Desde el momento en que se abrieron las urnas de abril, EL MUNDO ha venido reclamando el entendimiento entre las fuerzas constitucionalistas para garantizar por fin un horizonte estable para España, tras años de parálisis legislativa. Entendimiento que Sánchez no solo ha rehuido, sino que se ha preocupado de obstaculizar pactando sistemáticamente con el populismo y el nacionalismo –incluyendo su peor versión: los testaferros políticos de ETA en Navarra y el partido de Puigdemont en Barcelona– a cambio de acumular más poder territorial. Su calculada pasividad pretendía seguir el guion de Rajoy en 2016 con el único objetivo de mejorar sus resultados y perjudicar a sus rivales, sin reparar en que la repetición entonces fue una novedad –hoy solo agrava la desafección– y olvidando que Sánchez sí dispone de fórmulas de gobernabilidad.
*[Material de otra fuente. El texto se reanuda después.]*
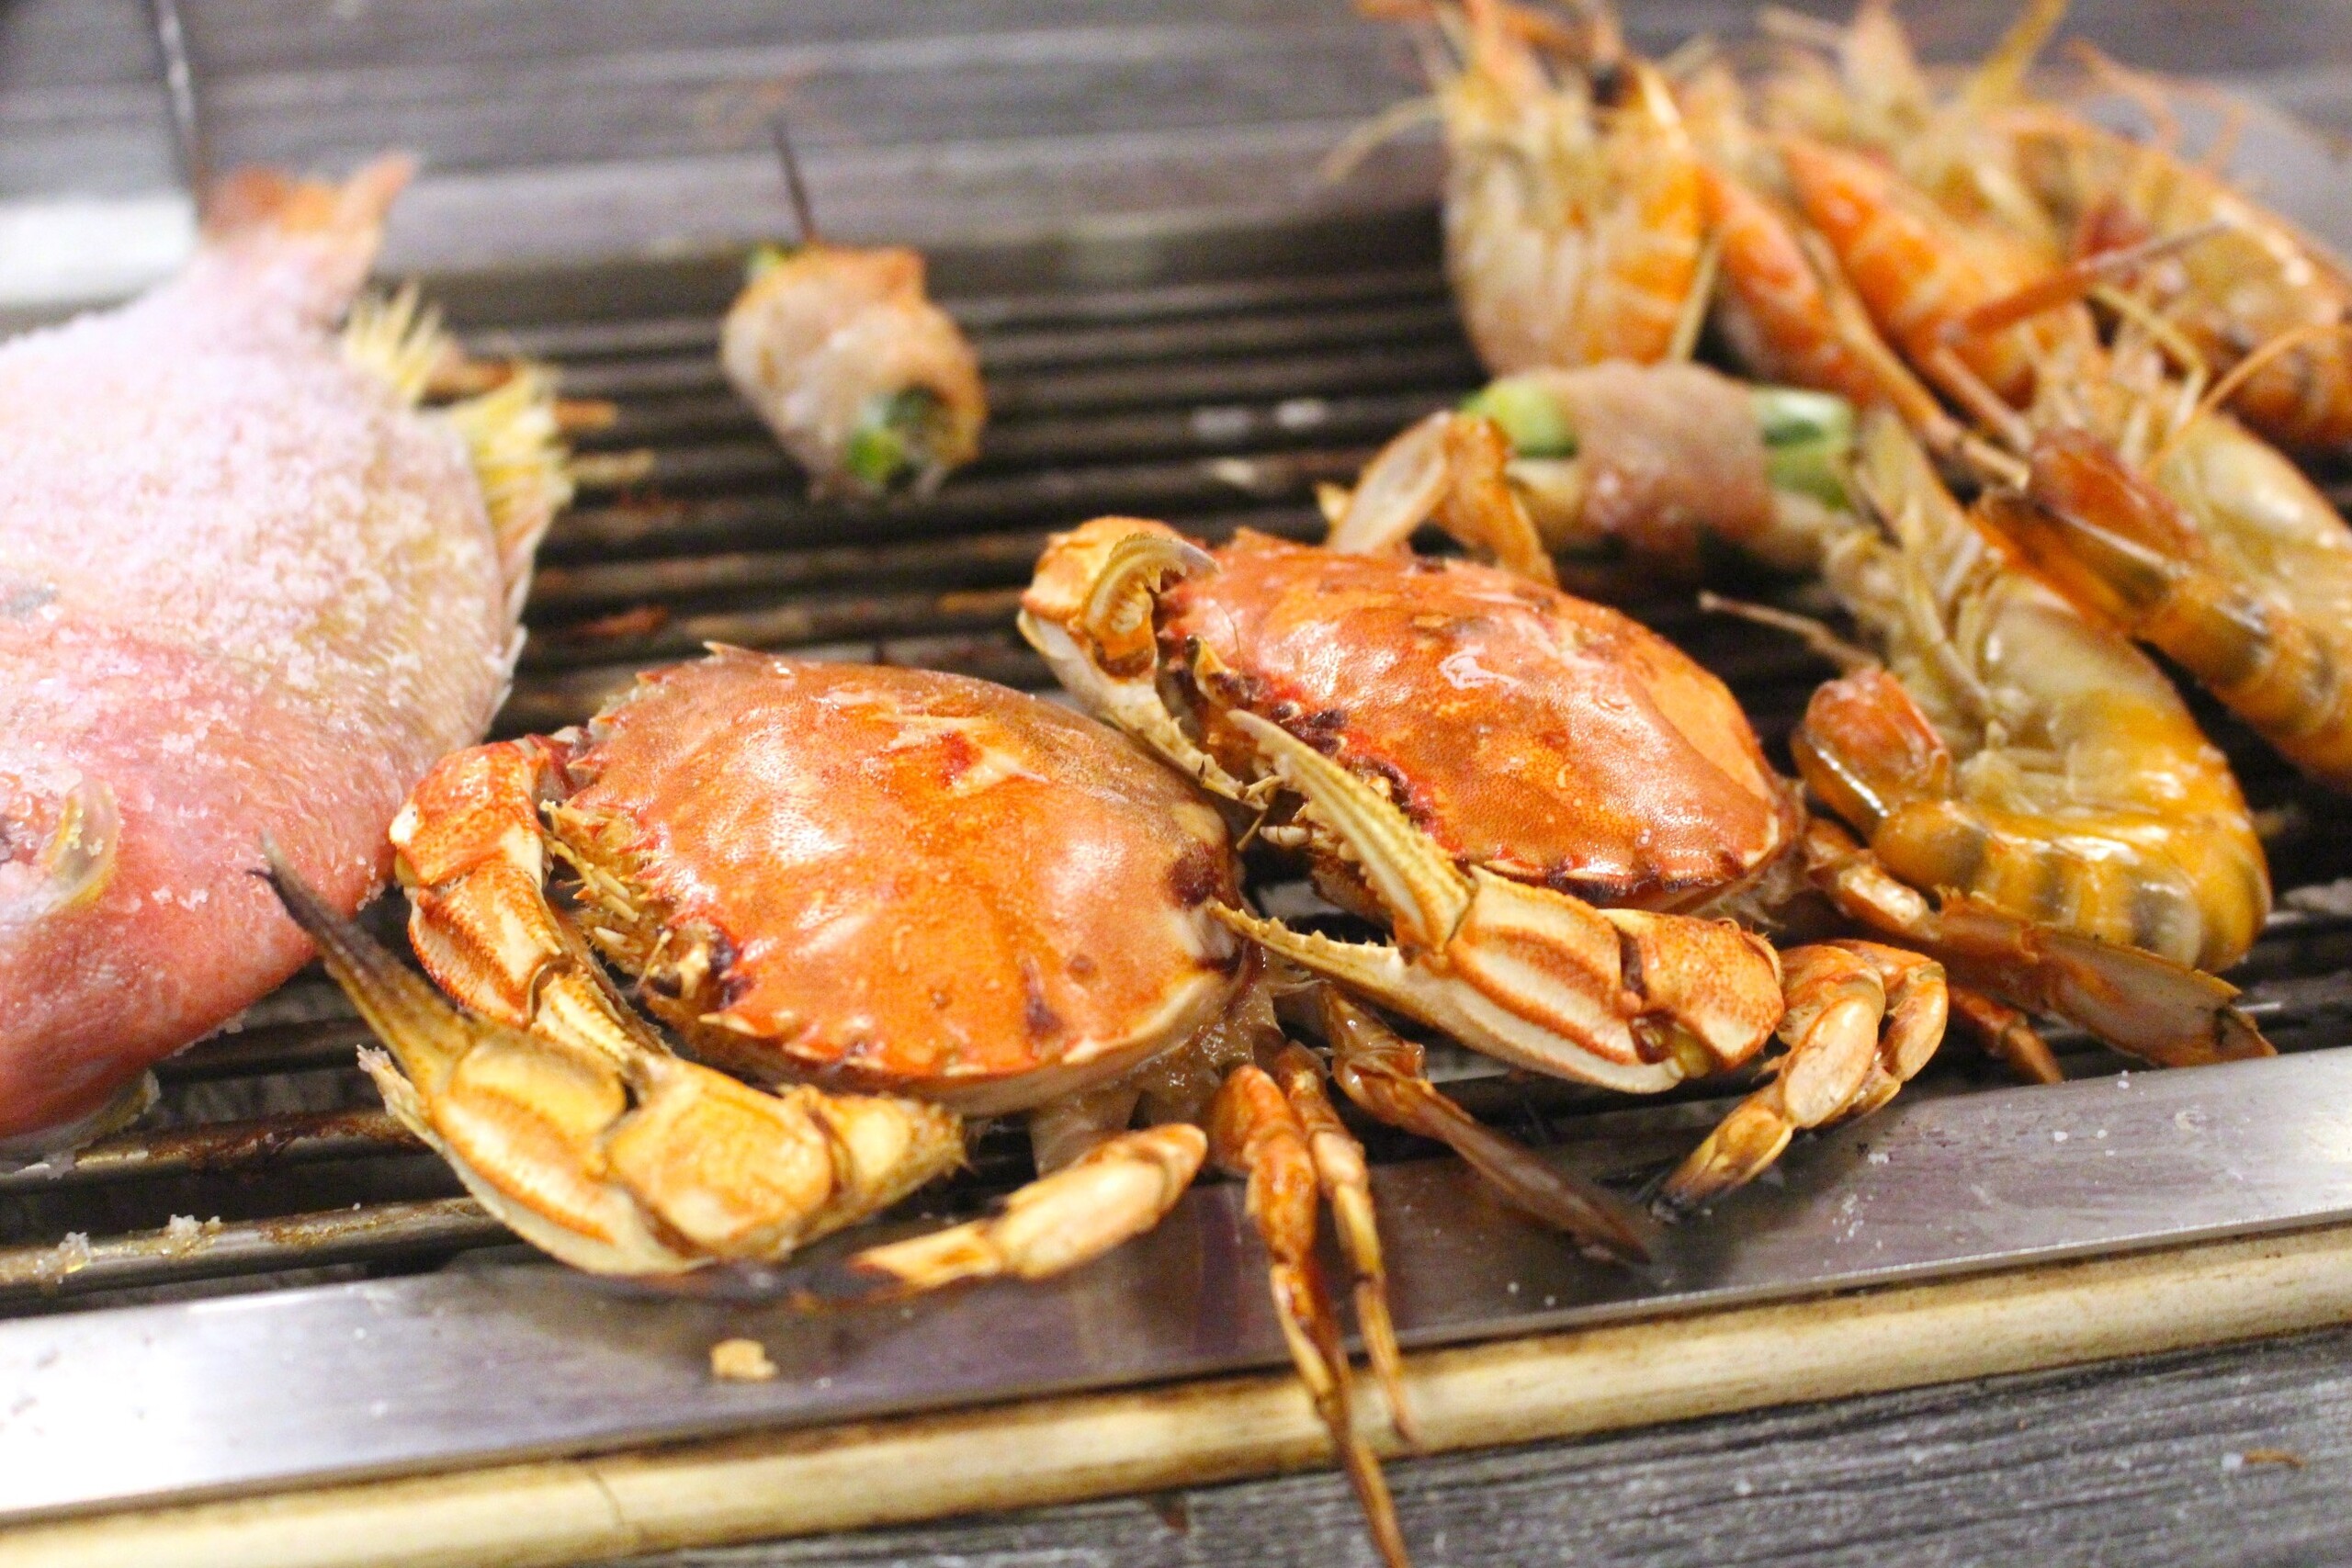 【桃園 海寶城】新增現撈仔「水道泰國蝦」無限吃到飽.海鮮碳烤火烤兩吃讓你吃到翻過去

En 2016 y en 2019 el culpable del bloqueo es el mismo político. El hombre del no es no. Si entonces se negó a abstenerse ante el único candidato que podía gobernar –y su cerrazón le costó al PSOE una implosión traumática–, ahora que es el único candidato que puede gobernar sigue negándose a acordar ninguna contrapartida con nadie para ser investido. Hoy tendrá que explicarle al Rey que, teniendo una oferta de sus socios de censura y otra del centroderecha, se niega a explorarlas porque prefiere abocar a los españoles a las urnas en la convicción de que saldrá fortalecido. Pero todos los sondeos auguran que seguirá dependiendo de los demás. Lo seguro, de ir a las urnas, es la prolongación del bloqueo y la intensificación por tanto del deterioro institucional y económico.
Nos preguntamos si tiene Sánchez algún plan al margen del deseo o la fantasía de gobernar sin comprometerse a nada con nadie. Y si lo tiene, por qué sigue jugando con los votantes escamoteándoles su proyecto para España, al margen de la mera ocupación del poder.